Les Français ont en quelque sorte découvert, lundi soir, que leurs soldats sont en mission en Afghanistan: 10 d'entre eux ont en effet été tués par les talibans aux portes de Kaboul, la pire perte pour l'armée française depuis la mort de 58 parachutistes au Liban, en 1983. Jusque-là, l'opinion publique hexagonale se souciait peu de ce conflit, même si le pays entretient depuis 2001 en Afghanistan un contingent constitué aujourd'hui de 2600 militaires. Avant l'embuscade de lundi, on n'avait déploré que 14 morts au sein de ces troupes, six fois moins que le Canada.

Celui-ci a à nouveau été endeuillé, mercredi, avec la perte de trois soldats victimes d'une mine dans le district de Zhari.

Pendant ce temps, à Paris, le président Nicolas Sarkozy s'est montré déterminé à poursuivre cette mission. Mais, autour de lui, s'élève dorénavant un mur de questions venant de presque tous les horizons politiques sur l'avenir de l'implication occidentale en Afghanistan.

Bienvenue dans le club, comme on dit: au Canada, entre autres, ce questionnement a cours depuis fort longtemps.

Car le fait est que la menace venant des talibans croît dangereusement depuis un an; ils ont même repris la capacité de se livrer à des combats conventionnels.

Hier, les talibans ont ainsi frappé un dur coup au coeur du Pakistan voisin (déstabilisé par la démission du président Pervez Musharraf), tuant 60 personnes dans une usine d'armement réputée imprenable; deux jours plus tôt, ils avaient fait 35 victimes dans un hôpital situé près des zones tribales. Lundi soir, ils ont aussi attaqué une base militaire américaine à Khost (sud-est de l'Afghanistan). La semaine dernière, ils ont tué trois travailleuses humanitaires, dont deux Canadiennes, au sud de Kaboul. Et on se souvient de la stupéfiante «libération» de 900 détenus de la prison de Kandahar, en juin.

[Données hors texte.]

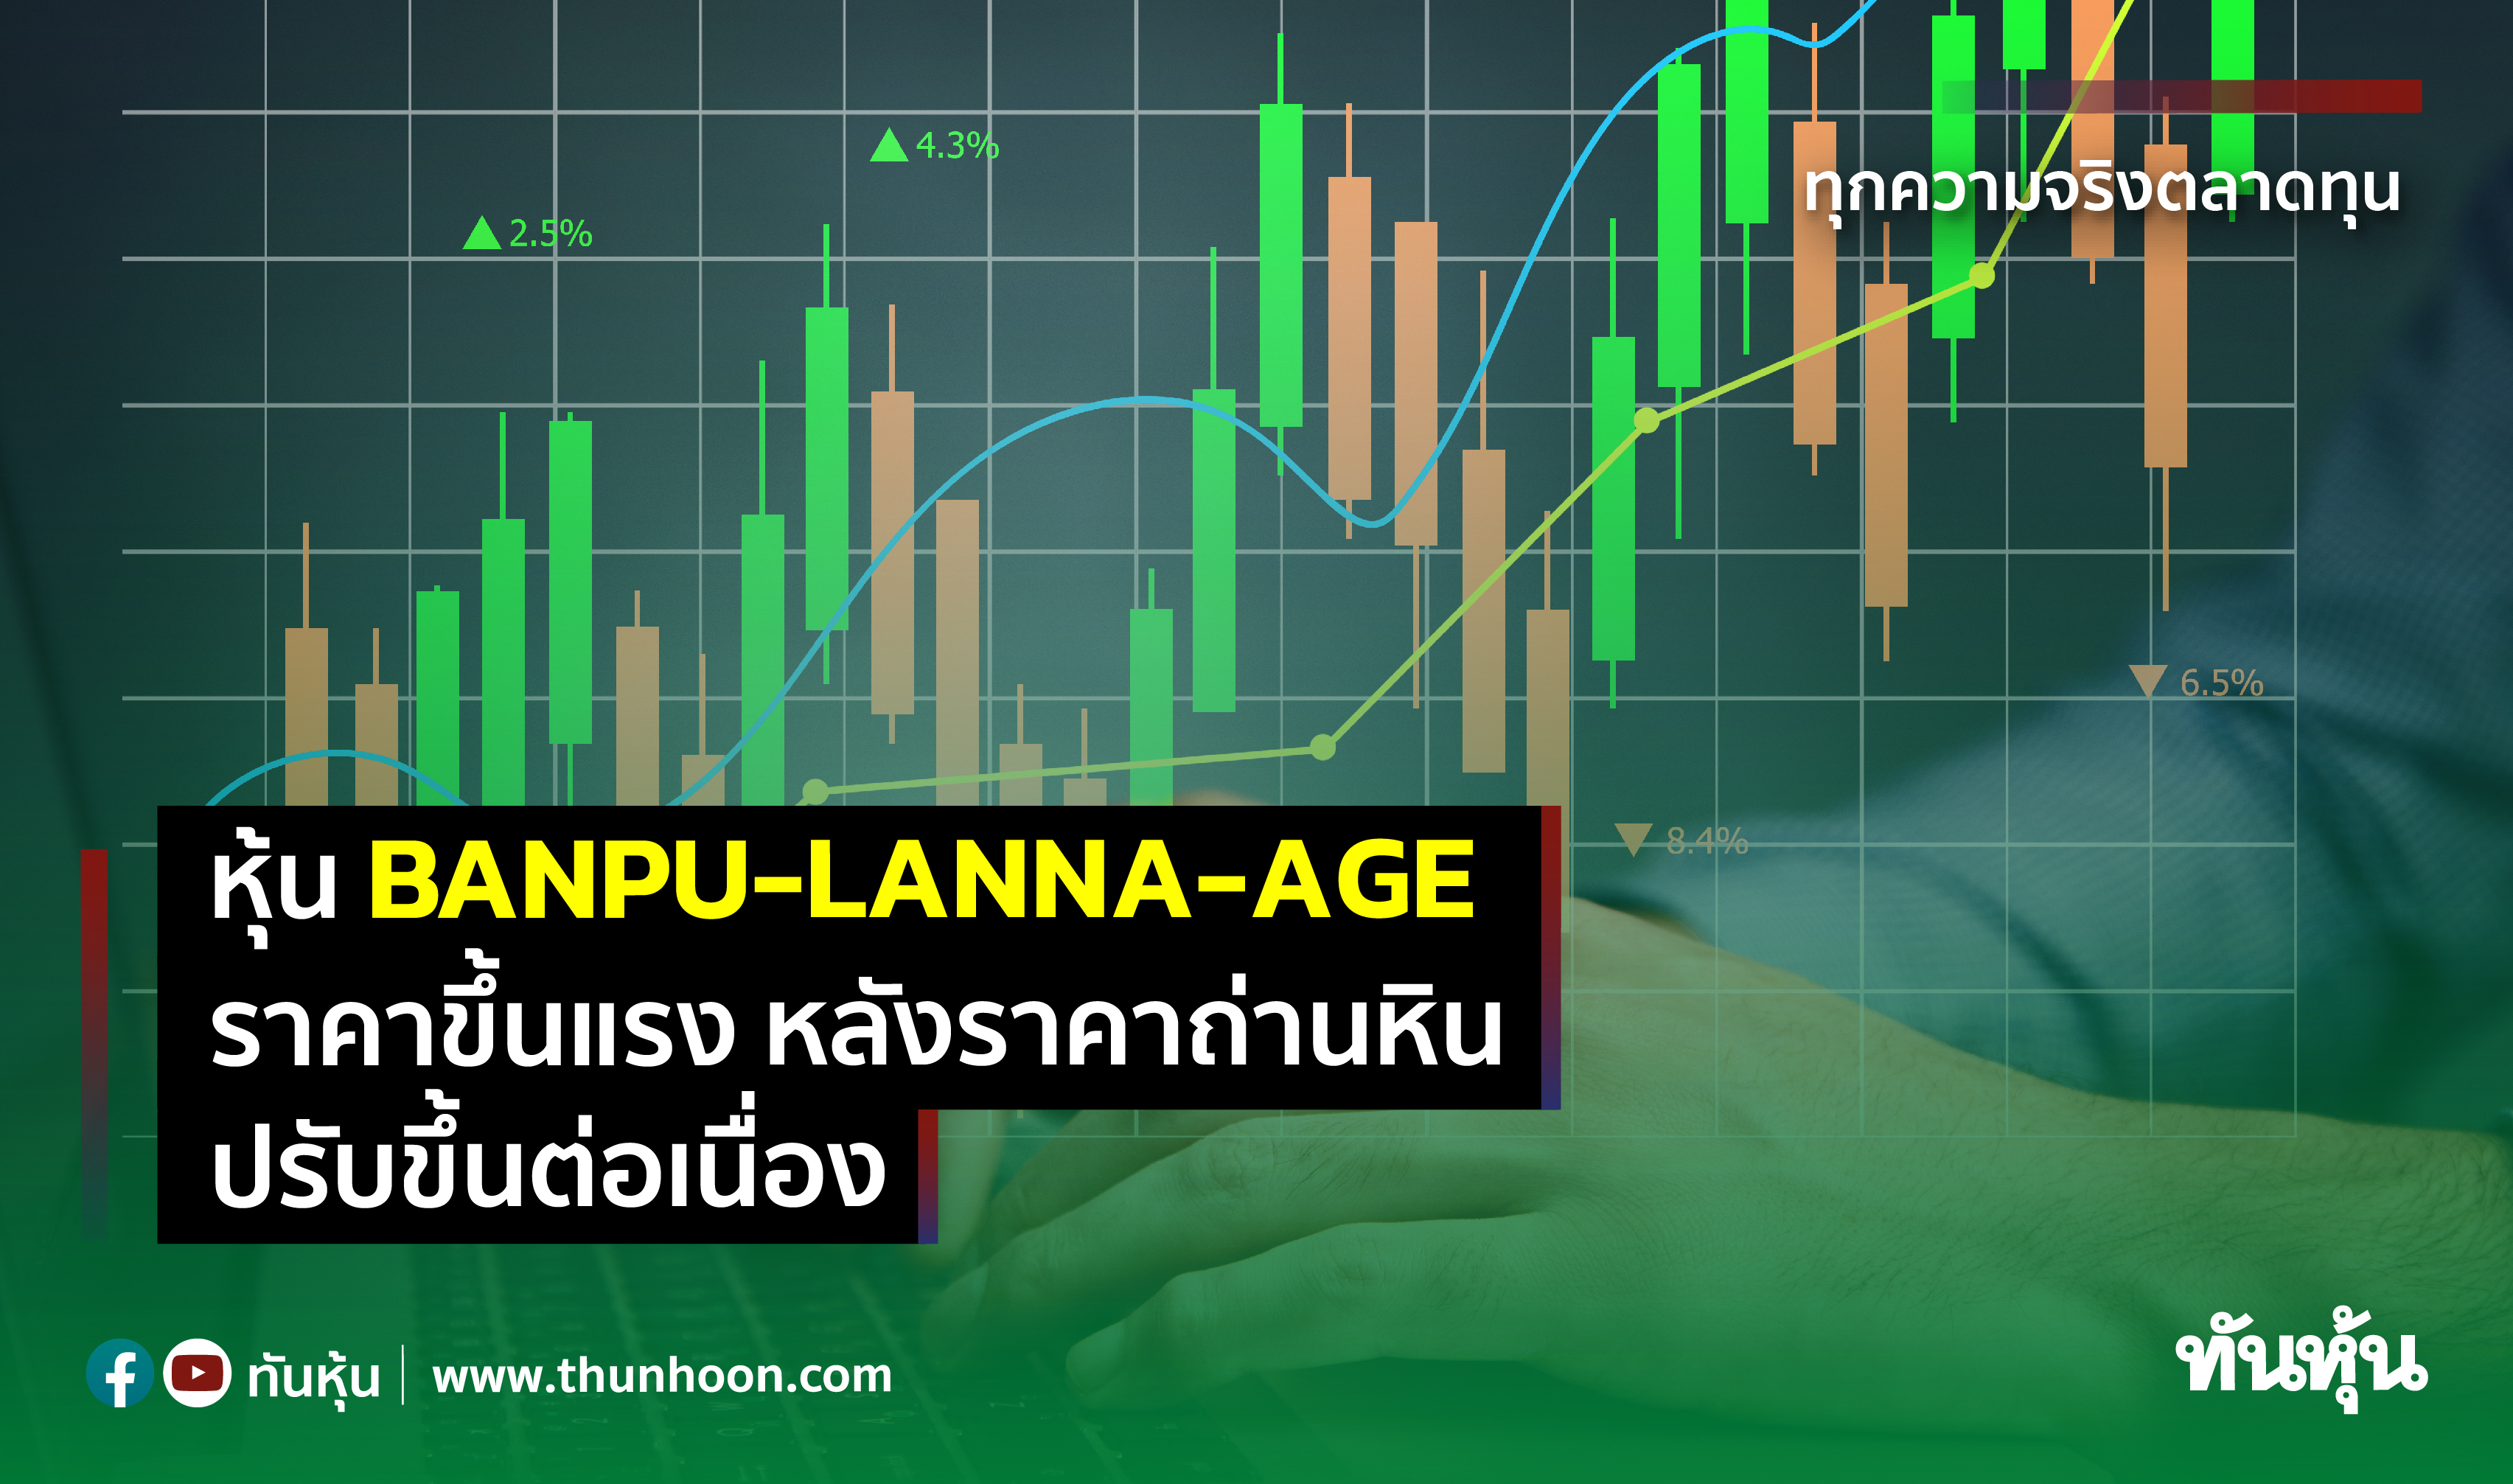 หุ้น BANPU-LANNA-AGE ราคาขึ้นแรง หลังราคาถ่านหินปรับขึ้นต่อเนื่อง

Au total, une carte publiée il y a quelques jours par le Conseil de Senlis montre que les talibans sont maintenant présents de façon permanente ou à tout le moins substantielle dans 90% du pays, y compris autour de Kaboul, secteur réputé sûr il y a quelques mois à peine

La cause serait-elle perdue?

Chose sûre, l'inventaire des problèmes à affronter en Afghanistan est considérable. Frontière poreuse avec le Pakistan, insuffisance en nombre des troupes de l'OTAN (53 000 soldats: il en faudrait au bas mot 20 000 de plus), faiblesse apparemment incurable de la police et de l'armée afghanes, culture du pavot comme base économique (et tiroir-caisse des talibans), corruption généralisée, évaporation partielle de l'aide au développement (14 milliardsUS à ce jour)

Bref, il faudrait rapidement redresser la de barre, comme on le réclame dorénavant en France aussi. Or, il se ne passera sans doute rien de décisif d'ici à ce que la Maison-Blanche abrite un nouveau locataire, en janvier prochain.

Sera-t-il trop tard?

Si c'est le cas, il s'agira d'un échec cuisant pour l'ensemble des pays développés, pour la crédibilité de l'OTAN, pour la guerre à la terreur. Et pour les Afghans eux-mêmes, qui seront replongés dans un nouveau cycle de misère, de despotisme moyenâgeux et d'État failli.